FortiGate Security Risks
Planning your FortiGate EOL migration
A structured migration approach reduces both risk and cost. The following six-step process addresses the full scope of a FortiGate refresh:
- Audit your inventory. Document every FortiGate model and firmware version in your environment. Cross-reference against the Fortinet Product Life Cycle page at support.fortinet.com (a free FortiCloud account is required). Third-party references such as endoflife.date/fortios and Park Place Technologies’ EOL lists provide quick lookup without an account. Flag any device meeting one or more of these criteria: past EOS date, running a FortiOS version past EOES, or with LSED within the next 12 months.

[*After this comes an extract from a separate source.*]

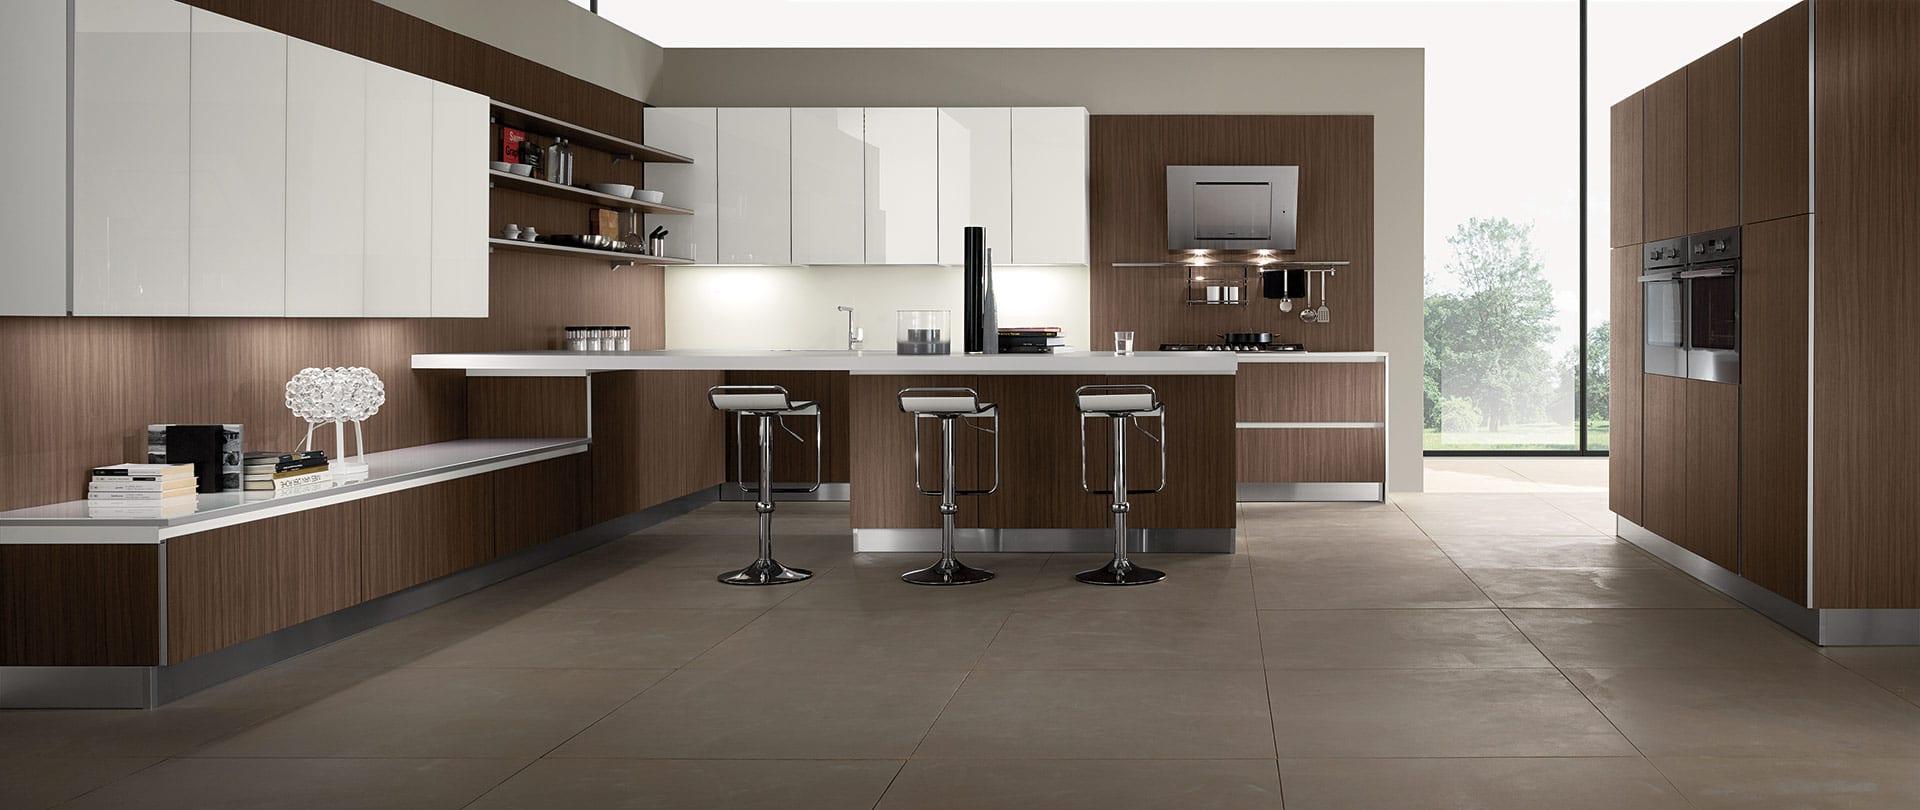 cucina-moderna-stratos-grainwood-castagno-glass-bianco

- Prioritize by risk. Internet-facing devices on EOL hardware or firmware represent the highest attack surface and should be addressed first. Devices managing sensitive network segments — finance, HR, PCI-scoped environments — are next. Internal segmentation firewalls with no direct external exposure can follow. FortiGate devices sit at the perimeter; a compromise affects everything behind them.
- Act on LSED deadlines immediately. If any device’s LSED is approaching, renew support contracts before that date. Missing the LSED deadline means support cannot be extended at any price, eliminating the option to maintain coverage through the migration window.
- Plan the firmware migration path. Target firmware for new or refreshed hardware should be FortiOS 7.4 (EOS November 2027) or FortiOS 7.6 (EOS January 2029). Use Fortinet’s Upgrade Path Tool at docs.fortinet.com/upgrade-tool to identify valid upgrade sequences. FortiConverter can automate configuration migration from legacy to new hardware, significantly reducing manual rework.
- Choose the replacement path. The most common option is a like-for-like hardware refresh to current F-series or G-series equivalents — for example, replacing a FortiGate 60D or 80D with a FortiGate 60F or 60G, or a FortiGate 300D with a 200F or 400F. Fortinet’s TradeUp Program offers up to 40% off new units with transfer of existing security subscriptions. For organizations modernizing toward cloud-first architectures, FortiGate Cloud and FortiSASE provide managed firewall and SASE options that eliminate hardware lifecycle concerns. Smaller organizations without dedicated security staff may benefit from working with a Fortinet-authorized MSSP that manages the EOL lifecycle on their behalf.
- Test before cutting over. Validate replacement configurations in a lab or staging environment before production deployment. Verify all policy rules, VPN configurations, SD-WAN settings, and UTM profiles. Maintain a rollback plan for 24 to 48 hours after the production cutover.

Conclusion
FortiGate end-of-life is not a distant concern for most enterprise networks — it is a present-day operational and security issue. The D-series and E-series hardware families that form the backbone of many network environments are cycling through their final support milestones now. FortiOS versions 7.0 and 7.2, still widely deployed, are either fully unsupported or past engineering support as of 2025. The vulnerabilities being actively exploited against these platforms — several with CVSS scores above 9.5 — demonstrate that attackers are well aware of which devices are no longer receiving patches.
The path forward requires a complete picture of your environment: which hardware models you are running, which FortiOS versions are installed, and where each sits in the Fortinet lifecycle. From that baseline, the LSED deadlines and EOS dates drive the prioritization. Organizations that plan 12 to 18 months ahead avoid both the compliance risk of running unsupported hardware and the operational disruption of a rushed emergency replacement.
Proactive planning is the only effective response to a lifecycle process that moves on a fixed schedule regardless of operational readiness.